* _INFORMATION SUPPLIED_
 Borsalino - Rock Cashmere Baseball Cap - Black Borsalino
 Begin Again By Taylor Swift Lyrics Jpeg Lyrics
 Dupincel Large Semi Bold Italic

--

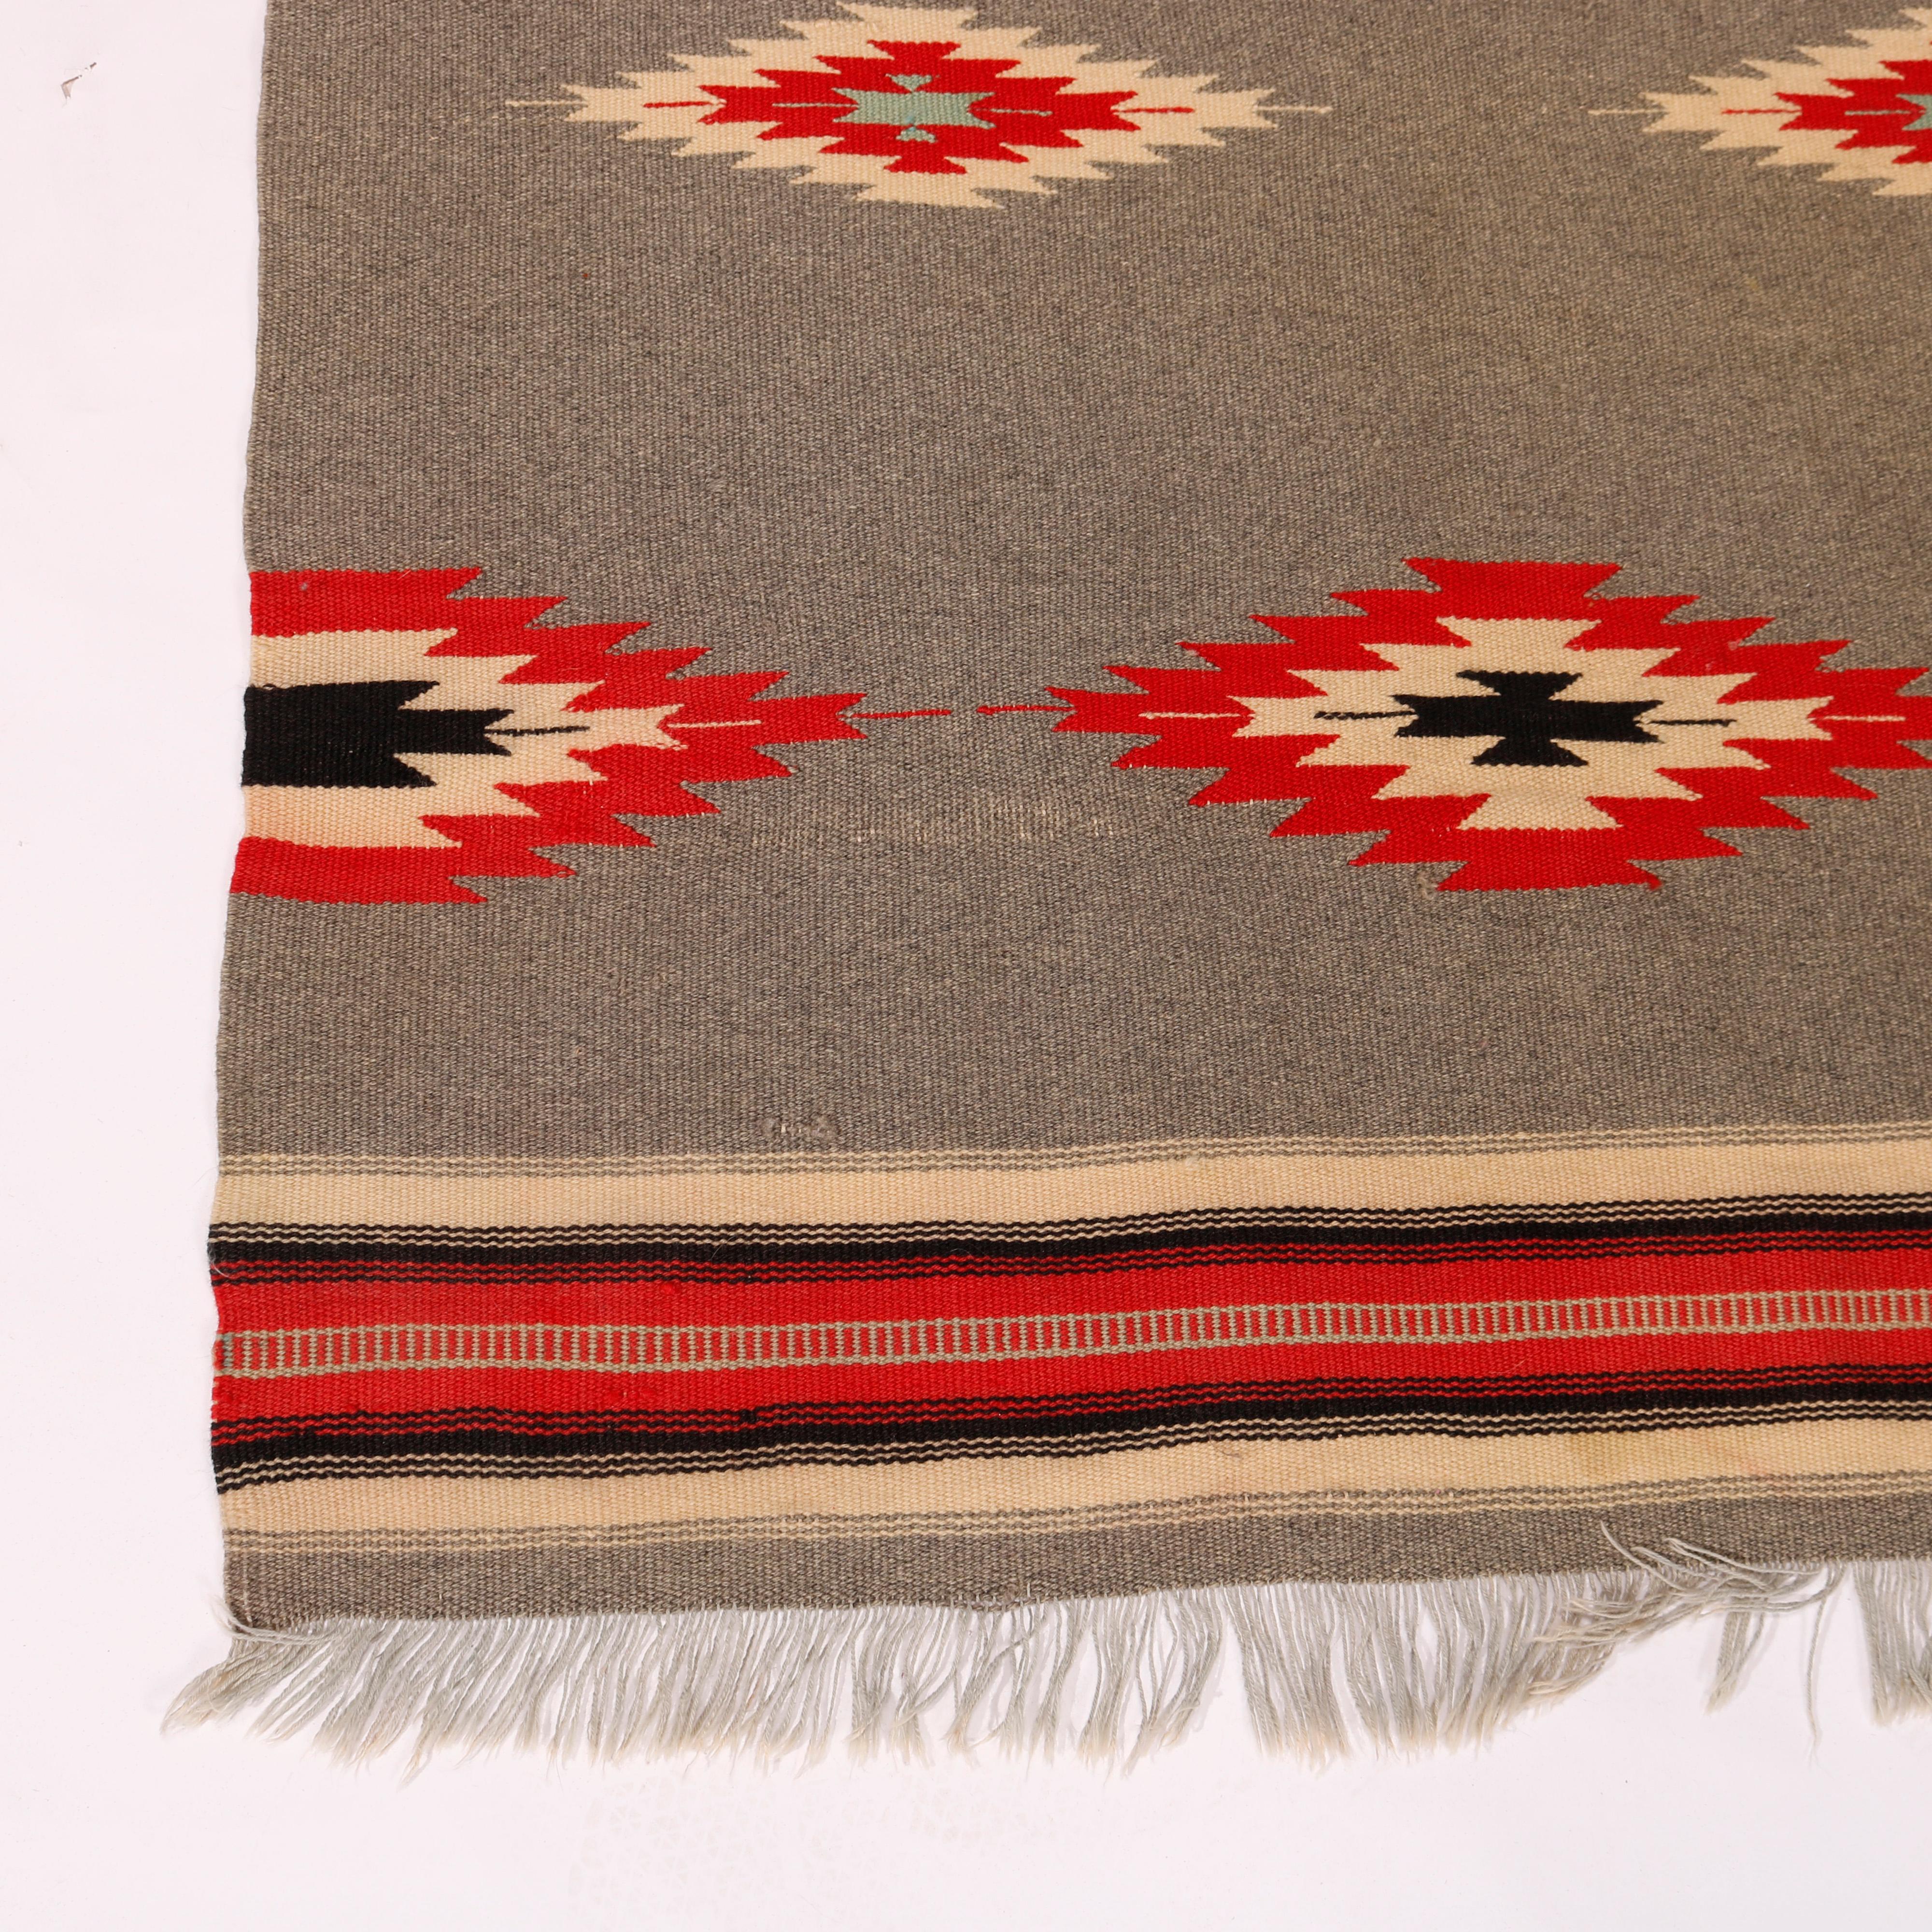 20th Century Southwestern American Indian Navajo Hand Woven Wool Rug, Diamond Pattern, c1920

---

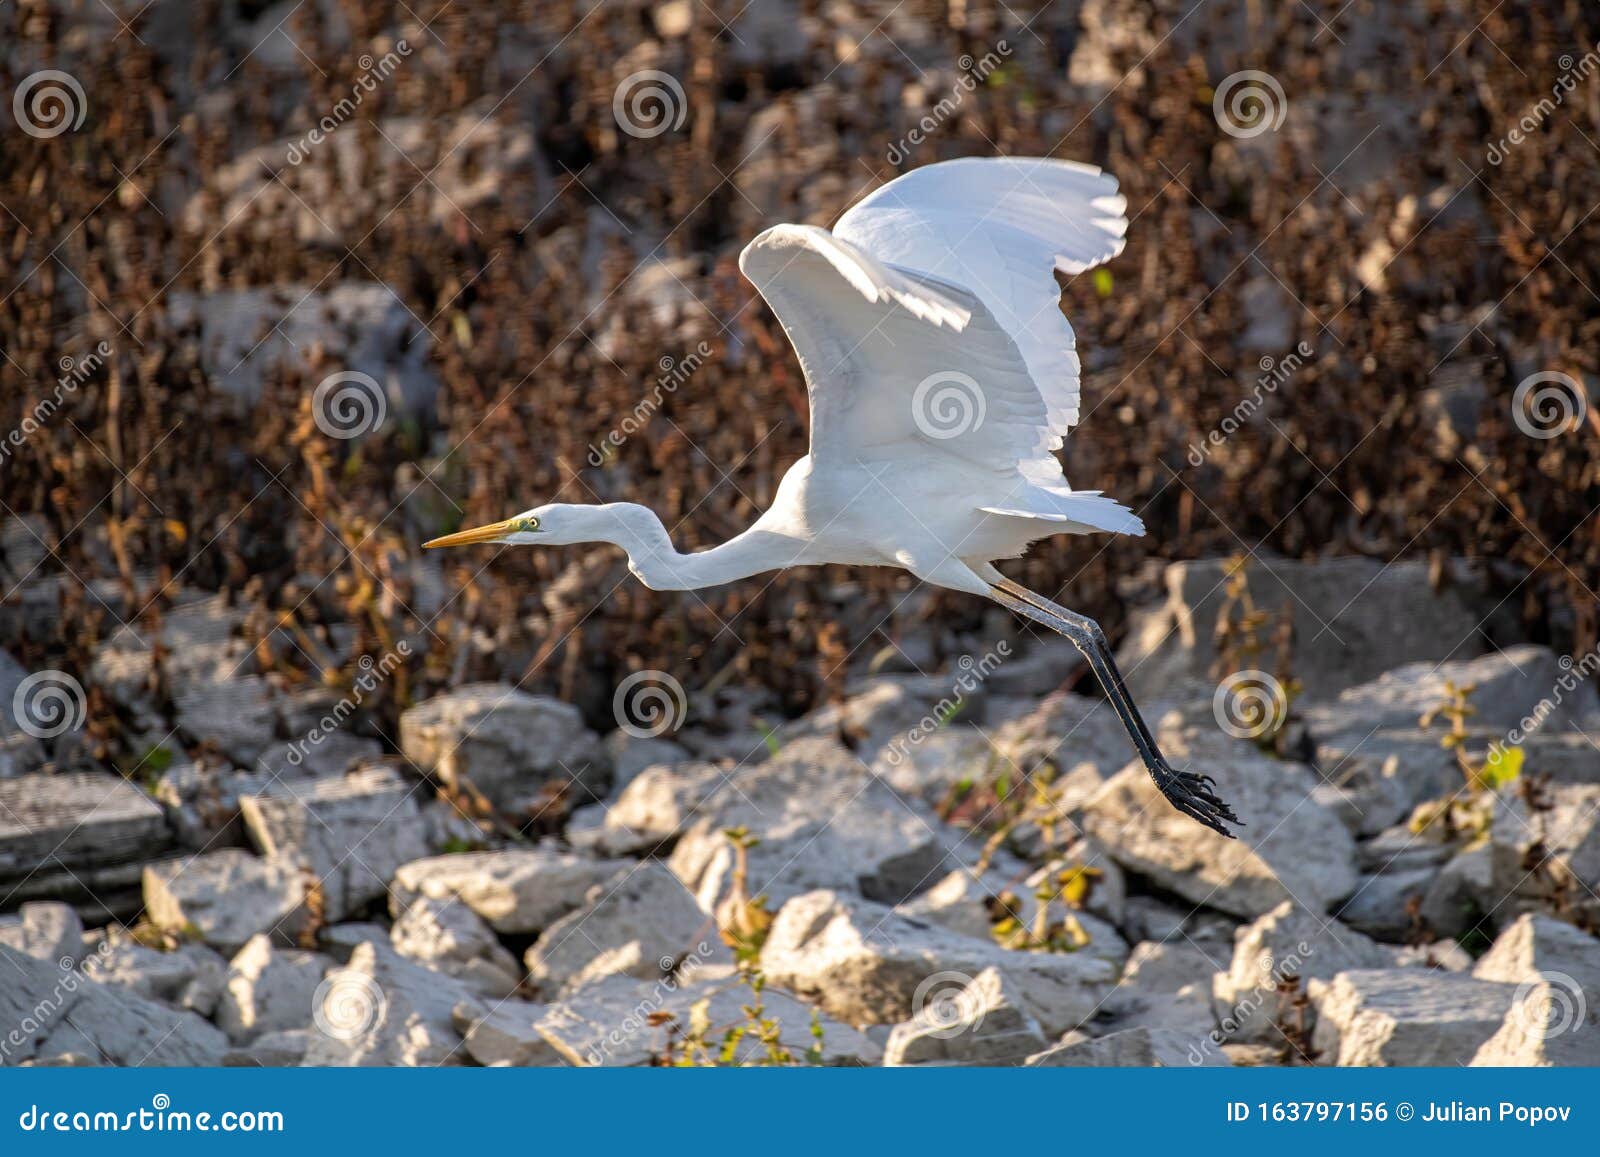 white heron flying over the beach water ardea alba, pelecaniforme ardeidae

* _PROMPT_
Retype word for word everything in the listing above from the line that holds "Begin Again By" down to the line that holds "Dupincel Large Semi Bold Italic". Keep both end lines and leave out the rest.

* _ANSWER BOX_
 Begin Again By Taylor Swift Lyrics Jpeg Lyrics
 Dupincel Large Semi Bold Italic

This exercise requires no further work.